While terms like simple duple are more general terms that can refer to multiple meters, a meter signature, also known as time signature, tell us what specific meter is being used. A meter signature is found right after both the clef and key signature at the start of a piece of music. It consists of two notes stacked on top of each other on the staff. While a meter signature bears some resemblance to a fraction, there is no line drawn between the two numbers in a meter signature. To understand what the two numbers in a meter signature mean, we have to determine whether the meter is a simple meter or a compound meter.

Simple Meters

A simple meter has a main beat that divides into two equal divisions. In a simple meter, the top number in the meter signature tells us how many beats are in the bar. A duple meter will have 2 as the top number and will have 2 beats per bar. A triple meter will have 3 as the top number and 3 beats per bar. A quadruple meter will have 4 as the top number and 4 beats per bar.
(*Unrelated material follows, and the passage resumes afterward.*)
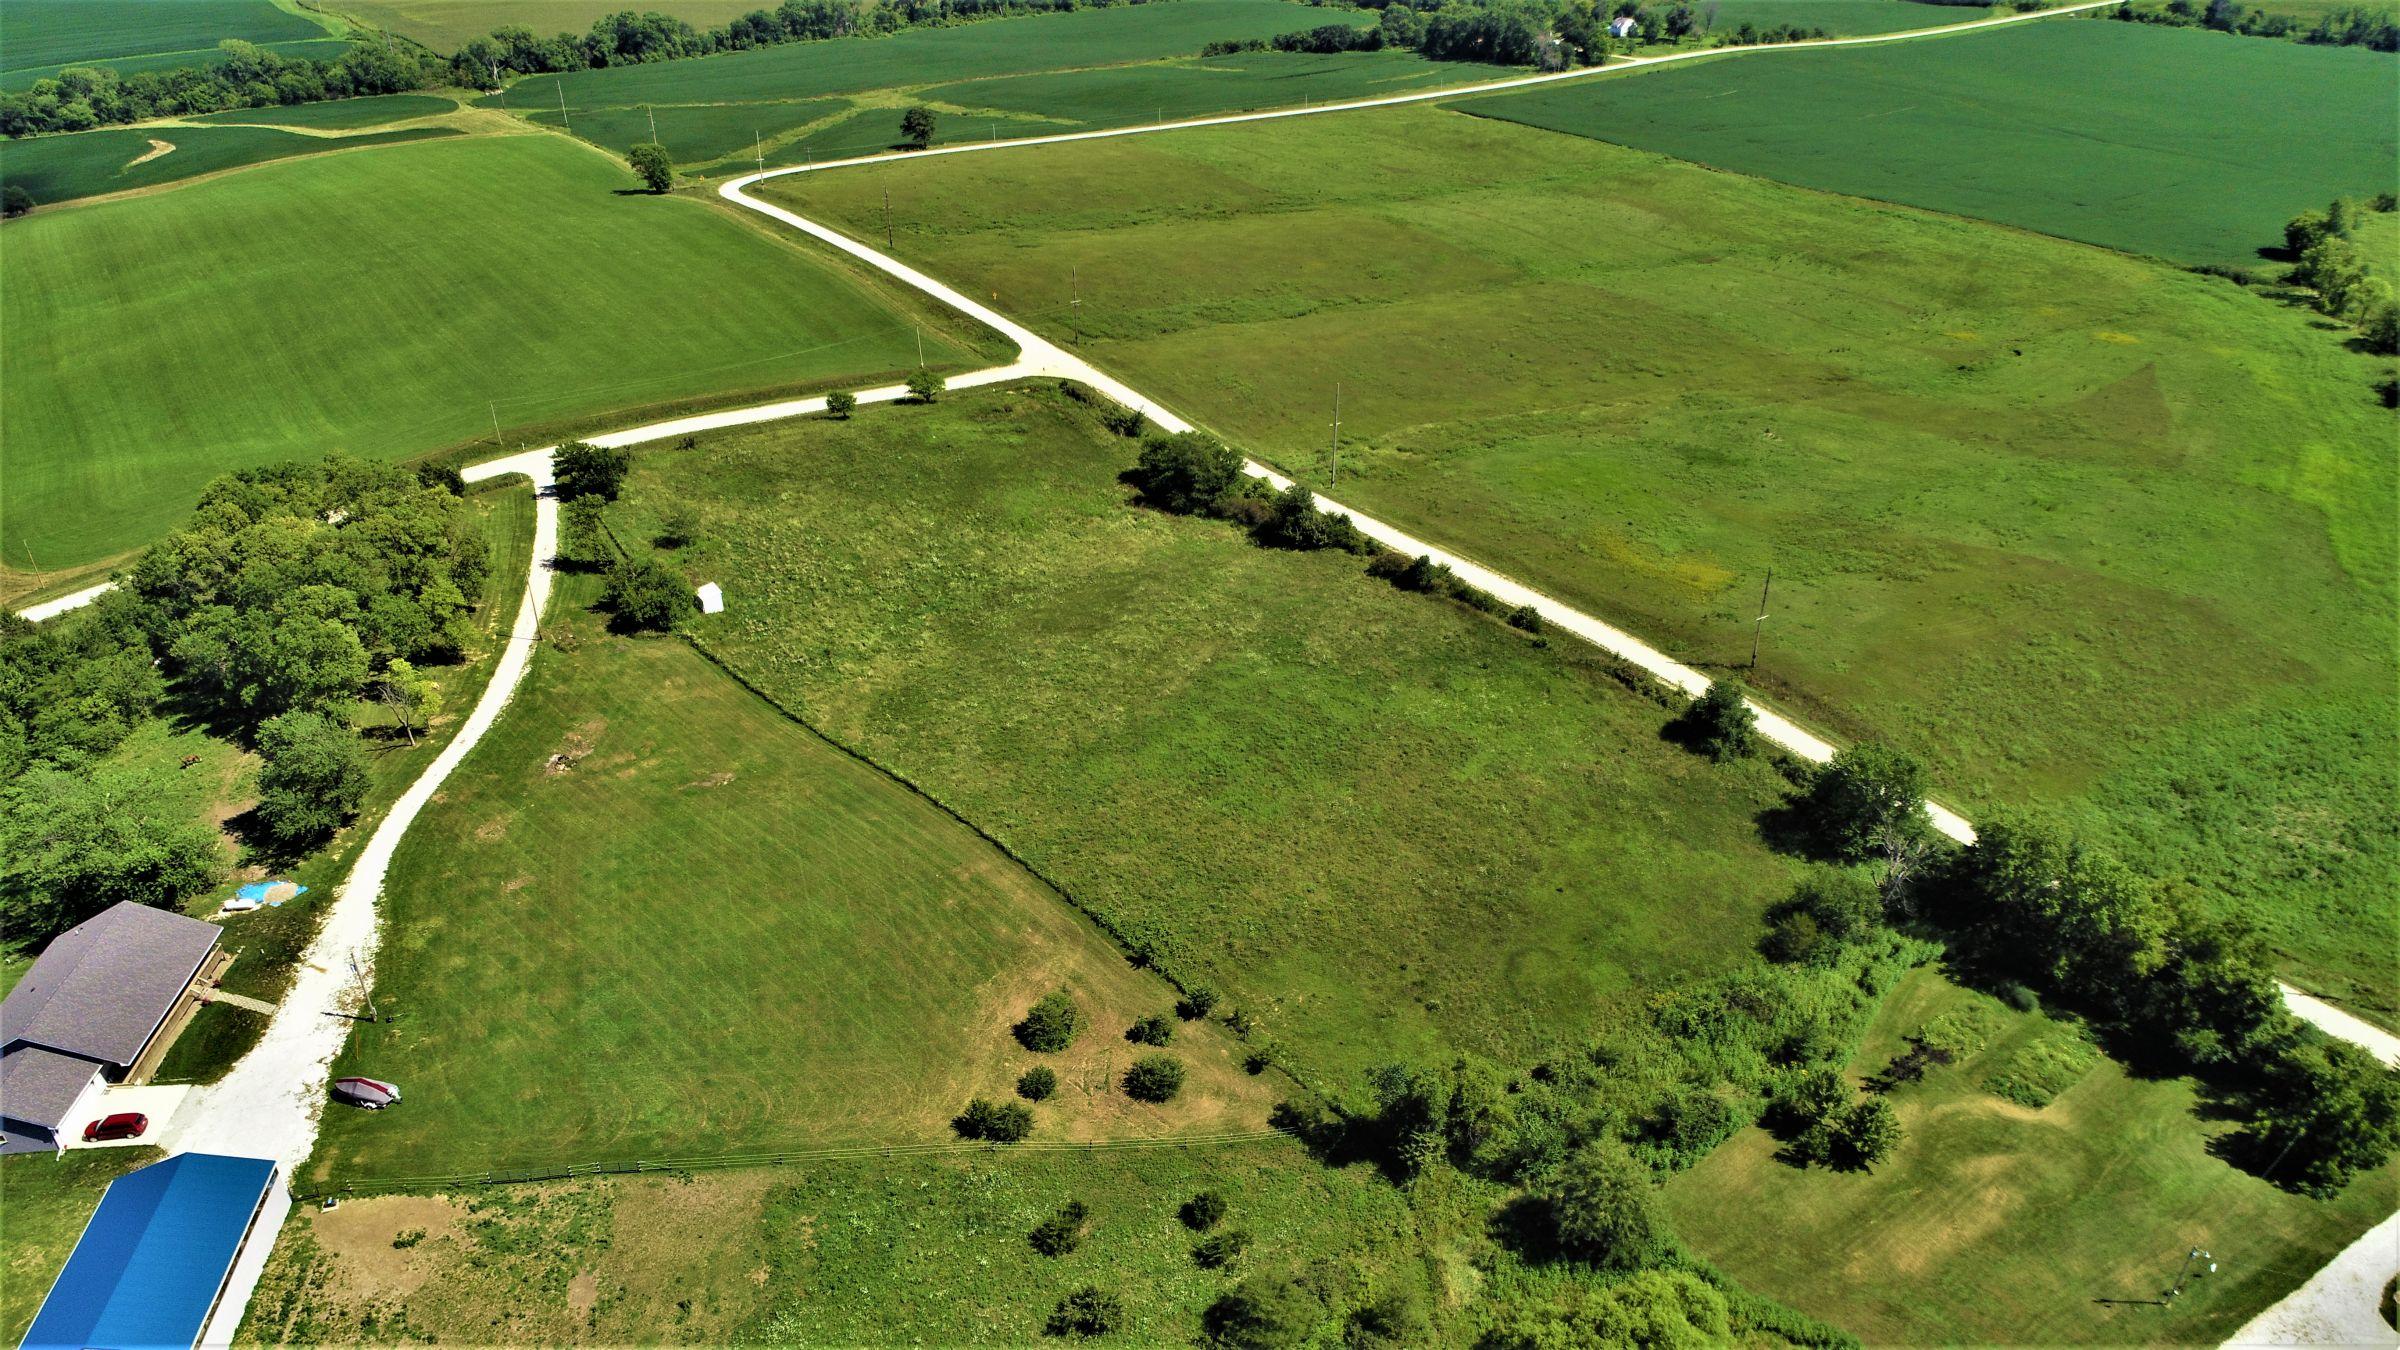 land-warren-county-iowa-6-acres-listing-number-15709-6-2021-08-27-202009.JPG

The bottom number of the time signature tells us what type of note equals 1 beat. If the bottom number is a 4, the quarter note equals 1 beat. If the bottom number is a 2, the half note equals 1 beat. If the bottom number is an 8, the eighth note equals 1 beat. If the bottom number is a 16, the sixteenth note equals 1 beat. The chart below shows different types of simple meters and their key signatures.

Most often, simple meters will have top numbers with 2, 3, or 4, which can help to quickly identify them.

Compound Meters

A compound meter has a main beat that divides into 3 equal divisions. Meter signature numbers work differently for compound meters than for simple meters. In a compound meter, the top number is the number of divisions of the beat that are in 1 bar. In order to find the number of beats per bar, you divide that top number by 3 because each beat is divided into 3 notes. If the top number is a 6, you divide 6 by 3 and get 2. So, a 6 as the top number is a duple meter with 2 beats per bar. If the top number is a 9, it is a triple meter with 3 beats per bar. If the top number is a 12, it is a quadruple meter with 4 beats per bar.

The bottom number of a compound meter signature in also differs from simple meter. The bottom number in a compound meter signature tells you what type of note equals 1 beat division. In order to find the note that equals 1 beat, you have to remember that you have 3 beat divisions per beat, and add 3 of the type of note indicated together. So, if the bottom number is an 8, you add 3 eighth notes together to find that the beat is equal to 1 dotted quarter note. If the bottom number is a 4, you add 3 quarter notes to get a beat of a dotted half note. If the bottom number is 16, you add 3 sixteenth notes to get a dotted eighth note as the beat. The chart below shows different types of compound meters and their key signatures.

Identifying Meter Signatures

While both simple and compound meters can use the same numbers for the bottom number in the meter signature, the top number can help you quickly identify if a meter is simple or compound. Most often, simple meters will use 2, 3, or 4 as the top numbers. Compound meters most often use 6, 9, or 12 as the top numbers. Looking at the way the rhythms are beamed in the bar can also help you identify which meter is being used, and will be explored further in the chapter on beaming.

Accent Scheme in Meter

As we know from our definition of meter, meter organizes the regularly recurring pulses in music into a recurring pattern of strong and weak beats. One measure or bar in music equals one complete cycle through the pattern of beats. Music that has 2 pulses is called duple meter. In duple meter, the downbeat, or first beat of the bar is the strongest, and the second beat is weaker. In a quadruple meter, there are 4 beats in the bar. The downbeat is the strongest beat, followed by a weak second beat, the third beat is strong (but not the strongest), and the fourth beat is weakest. Notice that all four beats have a different accent strength. In triple meter, there are 3 beats. The downbeat is the strongest, beat 2 is weak, and beat 3 is the weakest beat. Understanding accent scheme can help us to hear whether a piece is in duple, triple, or quadruple meter. Other factors combined with meter, like phrasing and harmony, can also help us distinguish between meters. Listen to the following examples to hear the meter.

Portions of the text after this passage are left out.